Entamant sa carrière dans la chanson rive gauche vieillissante, il bifurque vers le jazz-nouvelle vague. On le voit ensuite successivement s’aventurer dans les rythmes tropicaux, calibrer des tubes yé-yé, s’acclimater avec bonheur au rock, à la pop puis au reggae et au funk. Cette capacité à se réinventer sans cesse fait de lui le plus moderne des auteurs de sa génération.
Digne héritier du mouvement dada, des surréalistes et de la post-modernité, il est passé maître dans l’art du collage : il emprunte, recycle, détourne, adapte, pour finalement donner vie à un style qui lui est propre. Lorsqu’il abandonne la syntaxe, c’est au profit de trouvailles rythmiques ou sonores : rimes acrobatiques, en « ex » dans « Comment te dire adieu », allitérations en « av » pour « La Javanaise ». Consacré « artiste mineur de fond » par Claude Nougaro, son contemporain en modernité rythmique, Serge Gainsbourg a sans doute, quoiqu’il ait pu en dire, élevé la chanson au rang d’art majeur.
« Je t’aime… moi non plus » : associée à l’un des plus grands scandales de l’histoire de la chanson française, l’expression est passée dans le langage courant. Ce n’est pas la seule : « Les Dessous chics » ou encore « No Comment » apparaissent régulièrement dans la presse. Le sens de la formule de Serge Gainsbourg a su devenir langage commun.
Se présentant « plus consterné que concerné », l’auteur ne se positionne pas comme un artiste engagé. Toutefois, en phase avec leur époque, ses chansons se saisissent occasionnellement de grands sujets d’actualité : la libération sexuelle (« Je t’aime… moi non plus », 1969), le nationalisme, en détournant l’hymne national en reggae pour lui redonner une interprétation universaliste (« Aux armes et caetera », 1979), l’homosexualité en pleine épidémie du sida (la reprise de « Mon Légionnaire », 1987). Quoique radicales, ses positions ont accompagné quelques mouvements sociétaux. « La provocation et l’agression sont les dynamiques indispensables pour faire bouger les gens, affirmait-il. Bien sûr que ça m’amuse. Mais c’est aussi une sorte de vertige que de bousculer les conventions… Je crois que je suis en marge. Un jour j’ai comparé le show-business à un cahier d’écolier. J’écris dans la marge au crayon rouge… Je fais des pâtés. »

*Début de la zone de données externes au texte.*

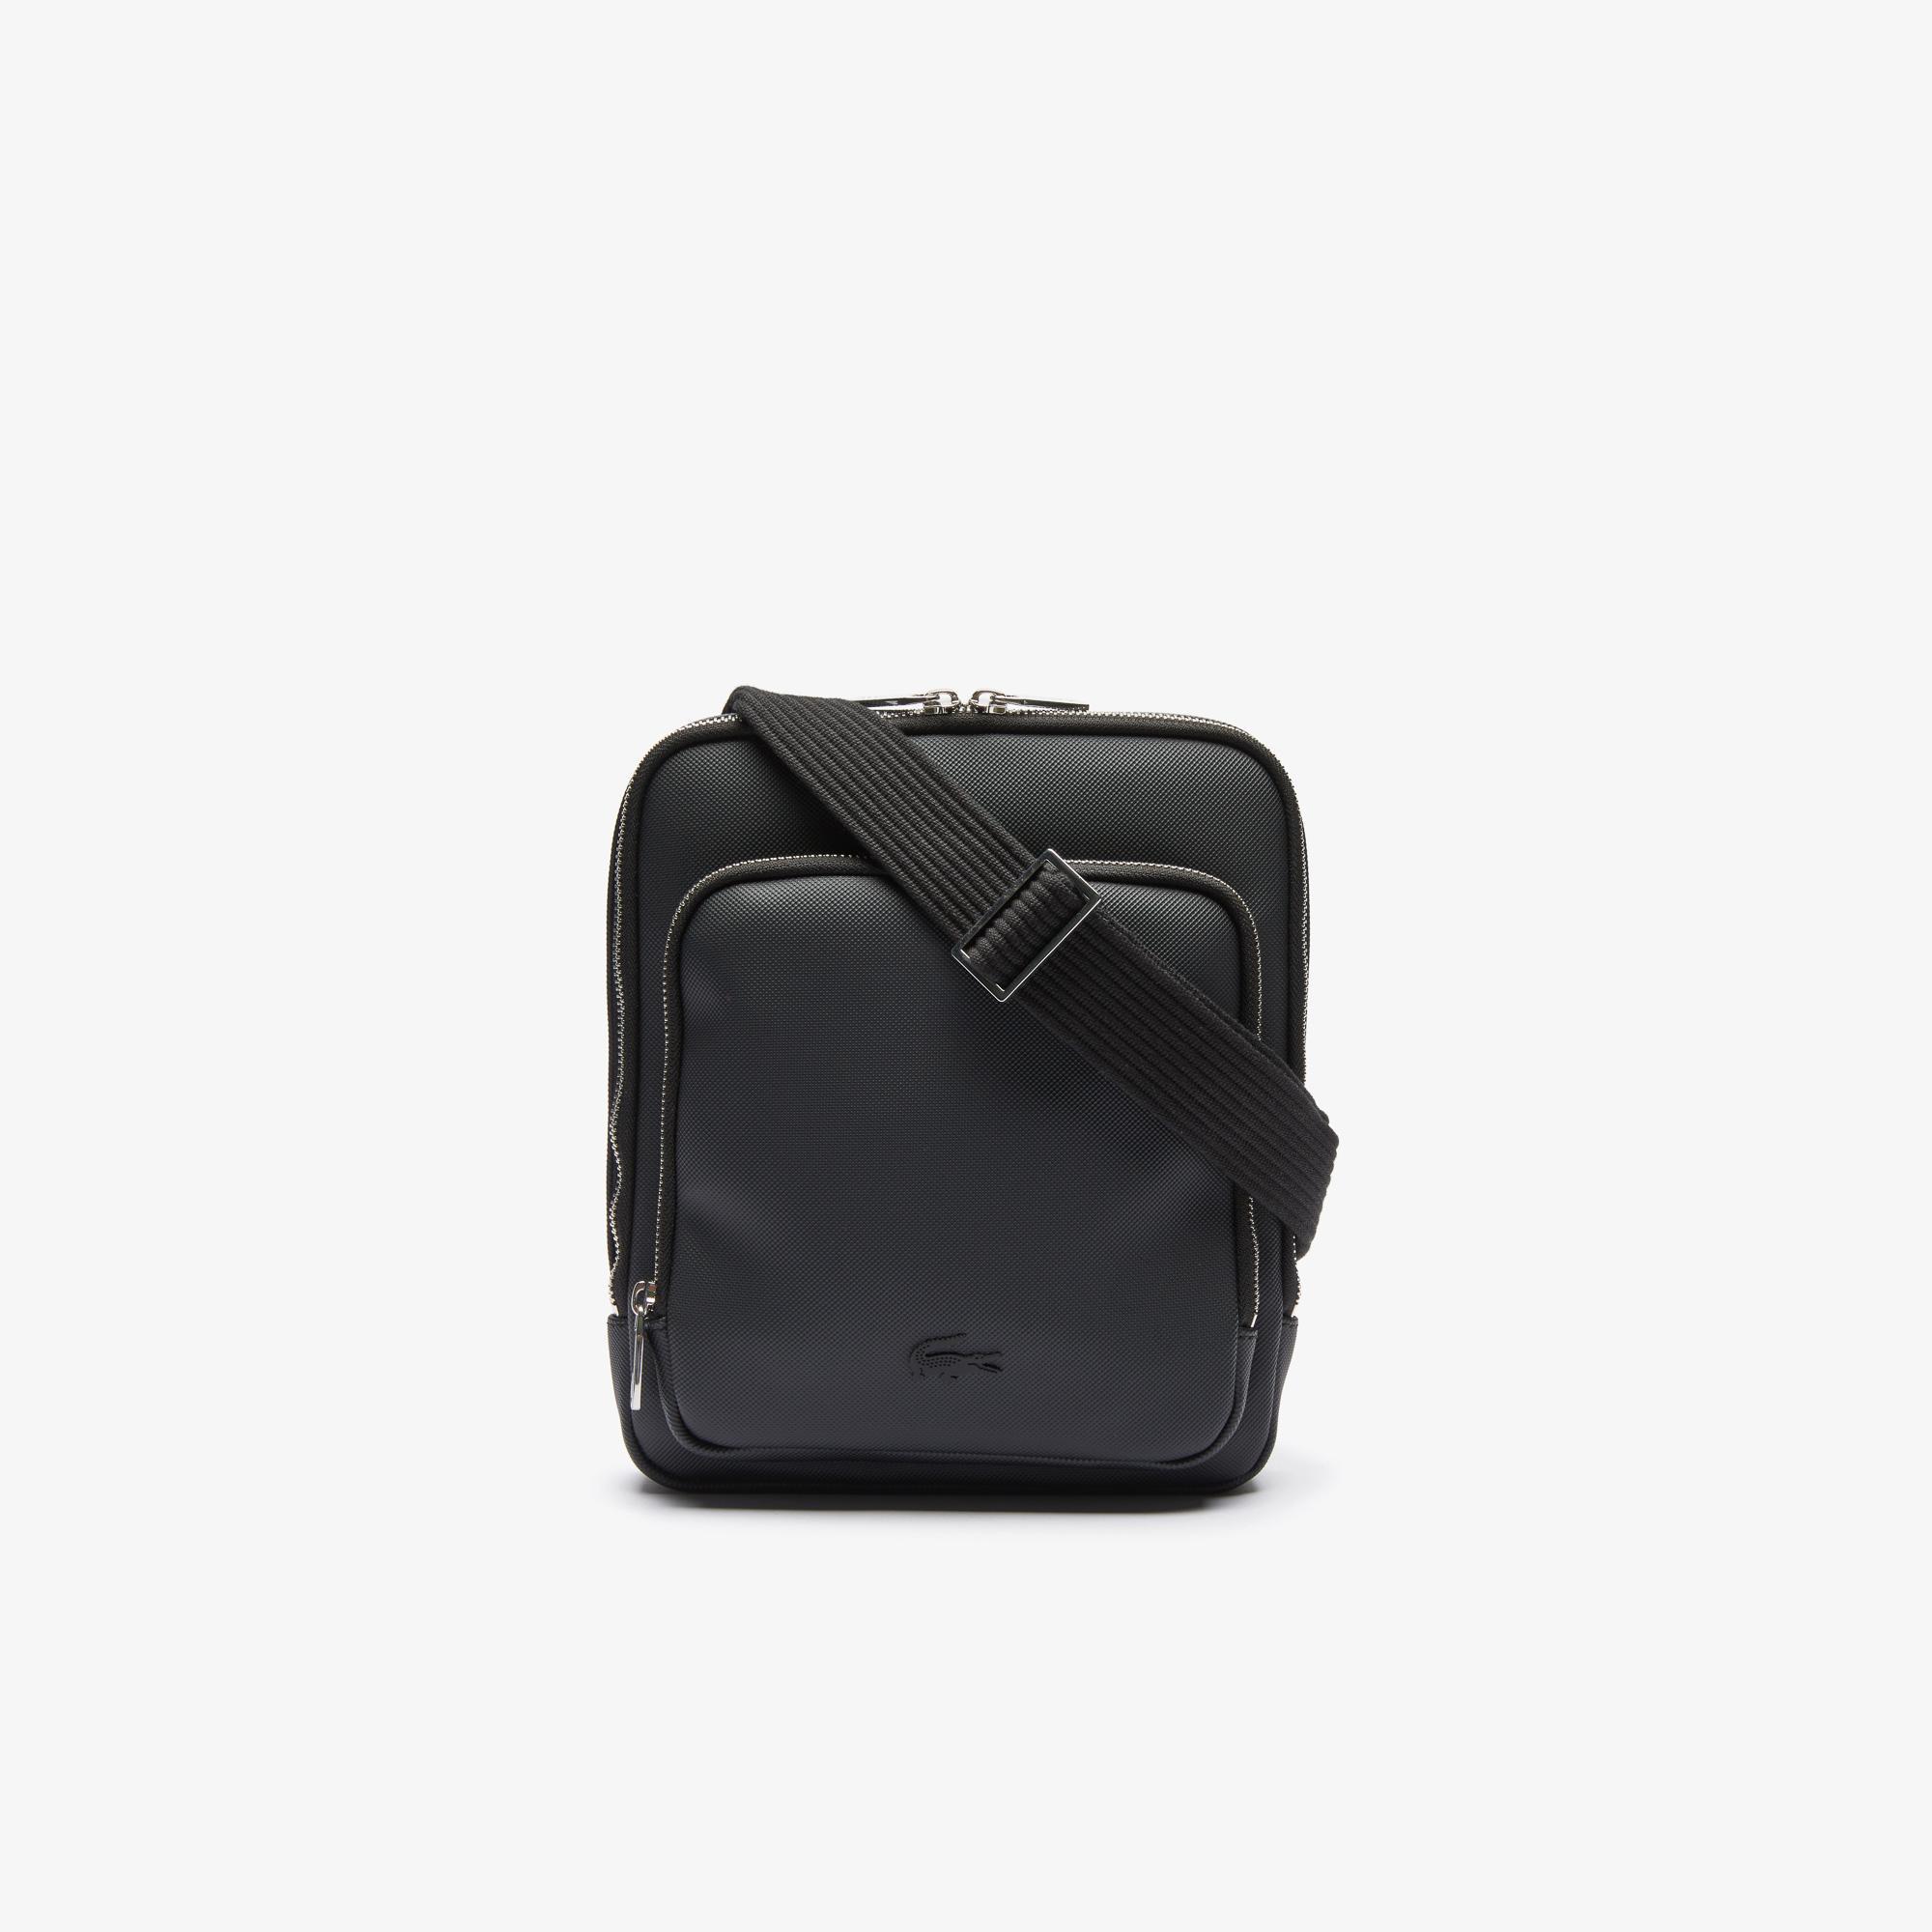 Lacoste Men's Classic Zippered Pocket Rectangular Crossbody Bag

Serge Gainsbourg, le mot exact, Bibliothèque publique d’information, place Georges-Pompidou, Paris 4e Jusqu’au lundi 8 mai 2023.

Dédiée à la transmission de l’œuvre et de l’histoire de Serge Gainsbourg, la Maison Gainsbourg est une nouvelle institution culturelle qui propose une expérience sur deux sites distincts rue de Verneuil à Paris (7e).
– au 5 bis : la maison historique dans laquelle Serge Gainsbourg a vécu pendant 22 ans, intérieur légendaire resté intact depuis sa disparition en 1991 ;
– en face, au numéro 14 : un musée retraçant la vie et la carrière de l’artiste, une librairie-boutique et le Gainsbarre, café et piano-bar, permettent de prolonger la visite.